Kumar: 3-D printing. This will continue to disrupt the low-volume manufacturing segment as the machines get cheaper, the processes get faster and the parts get better.

Q: Who is your mentor, or someone you look up to?

Kumar: My father, Sunil Kumar, who showed me that an American manufacturer can succeed in the age of growing overseas competition. Joe Peters, the former owner of Universal Plastics and our CEO, showed me the value of community involvement and how to earn the respect of your colleagues.

Q: What job do you really want to have in the future?

Kumar: There is no job I would rather have. I will be buried at the factory and I hope my daughter will want to take my place running it.

Mallory Montrastelle

Mallory Montrastelle

28, Berry Plastics Corp.

Title: Environmental, health and safety manager for sites in Goshen, Ind.; Aurora, Ohio; and Aurora, Ill.

Location: Goshen

Birthplace: Evansville, Ind.

Education: Bachelor’s degree in occupational safety and health from Murray State University, 2009; master’s degree in human resource development from Indiana State University, 2014.

Career highlights (all with Berry): Corporate EHS intern, May 2010 to July 2010; corporate EHS coordinator, July 2010 to January 2013; EHS manager, Goshen, January 2013 to September 2013; multisite EHS manager, Goshen and Aurora, Ohio, September 2013 to April 2014; multisite EHS manager, Goshen, Aurora, Ohio, and Aurora, Ill., April 2014 to present; certified associate safety and health manager (certified by the Institute for Safety and Health Management), May 2014.

Q: Tell us about your family:

Montrastelle: My parents have been married for 30 years. I have two younger sisters, and the family dog is a bichon frise, who we all adore.

Q: What is your greatest achievement?

Montrastelle: One of my greatest achievements was growing so quickly in my field of expertise over the last few years. Another was taking a facility with an incident rate of 4.86 in 2012 to zero in 2013.

Q: What was your biggest failure and what did it teach you?

Montrastelle: Not voicing my concern on a particular topic that was very important to me. It has taught me to speak up and not stand in the background.

Q: What about the plastics industry surprises you?

Montrastelle: That there are so many different aspects and specifics to the industry. For example, I oversee three facilities, and all make a different plastic product, including retail can liners, industrial can liners and PVC film.

Q: Who is your mentor, or someone you look up to?

Montrastelle: I really admire Sheryl Sandburg, chief operating officer of Facebook Inc., and Arianna Huffington, the editor in chief of Huffington Post Media Group.  
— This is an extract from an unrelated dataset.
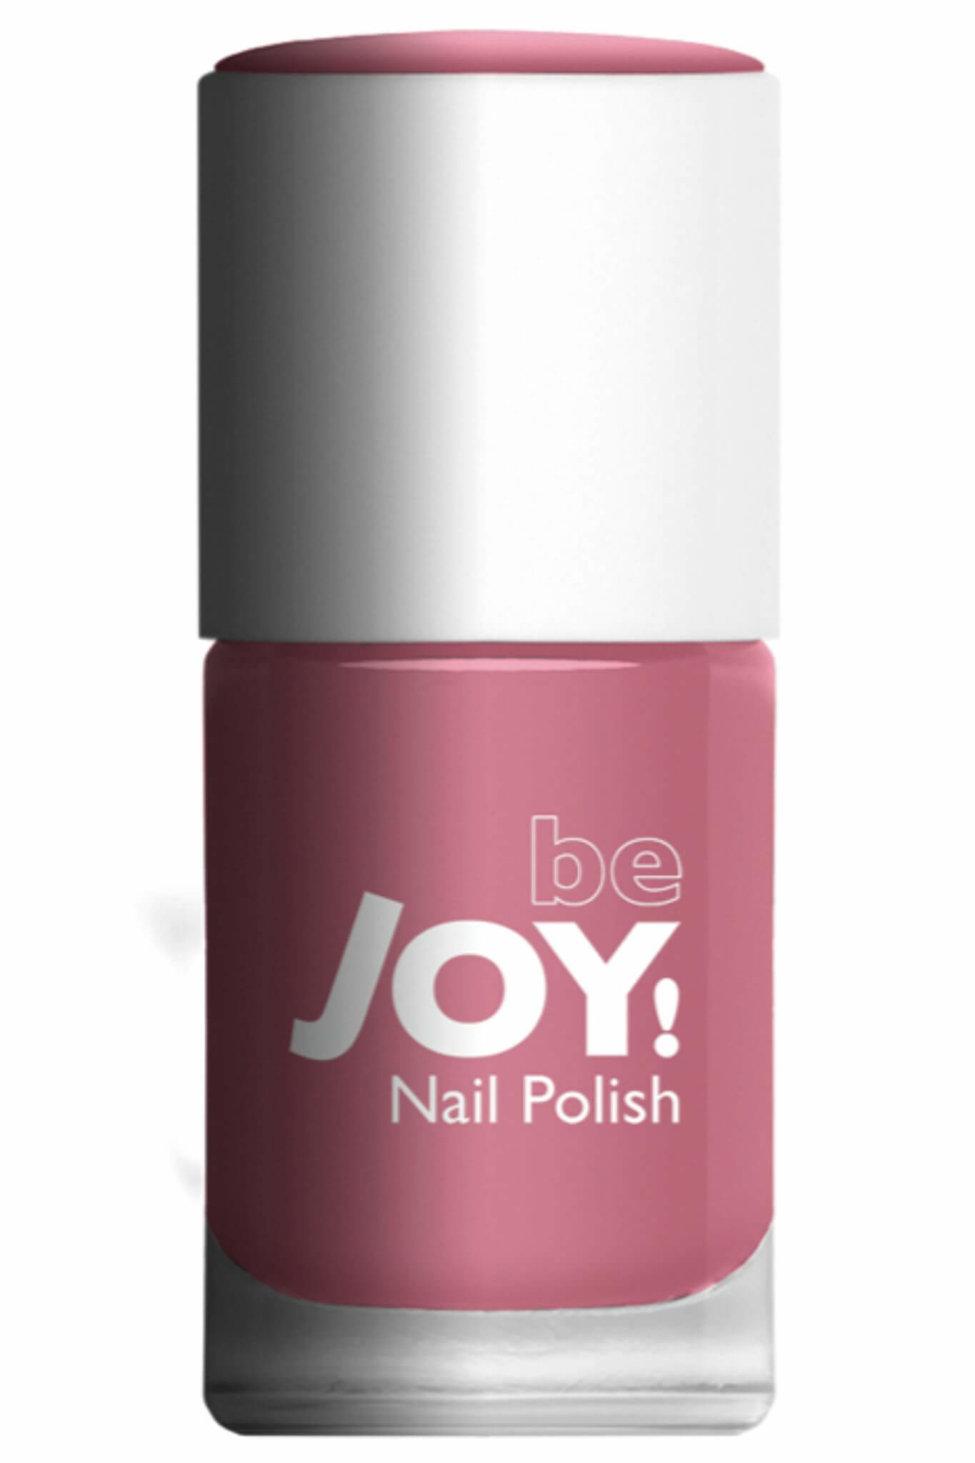 Be joy nail polish σάπιο μήλο

Q: What do you do to relax?

Montrastelle: I enjoy time with my family and friends, running and traveling.

Tribuwan Kumar Persaud

Tribuwan Kumar Persaud

39, Norwich Plastics Inc.

Title: Director (various titles for branch divisions)

Location: Cambridge, Ontario    

Birthplace: Kitchener, Ontario

Education: Master’s certificate in project management from York University’s Schulich School of Business in Toronto, 2007.

Career highlights: Norwich Recycling director, 1995-1998; Norwich Recycling president, 1998-2001; Norwich Plastics project manager, 2001-08; named a Norwich Plastics director in 2008. Also, part of ground-breaking post-consumer PVC recycling trials initiated in 1998 for chopped wire and cable materials, and in 2006 with post-consumer PVC film and membrane scrap.

Q: Tell us about your family.

Persaud: My father, Paul (Dwarka) Persaud, immigrated to Canada as a student in the late 1960s and co-founded Norwich Recycling in 1986 with William Gosse. My mother immigrated to Canada also in the late 1960s, meeting and marrying my father in 1972 after finishing George Brown College. My paternal grandparents descend from Guyana. My maternal grandparents are from Trinidad. As a family we are very committed to community service and charity. I am married to Radha, with a 3-year-old son and another baby expected in December.

Q: What was your first plastics job and why were you interested in the industry?

Persaud: I had just gotten my social insurance number and my father asked me if I wanted to work, so myself, my sister and two cousins ended up working all summer reclaiming truckload after truckload of PVC skins from ABS/PP substrates. I was very interested in the environment and environmental causes and was very proud that my dad had chosen to go into plastics recycling at the time.

Q: What is your greatest achievement?

Persaud: The turnaround of our company after 2008. The Gosse and Persaud families had bought out all of our minor partners in Canada, the recession had hit and some major customers filed for bankruptcy, leaving us in a very bad position. Within the same year, after losing most of our partnership/management team, my partner Adam Gosse and I had returned the company to overall profitability, with a 15 percent return on investment for fiscal 2008 for our fathers.

Q: What about the plastics industry surprises you?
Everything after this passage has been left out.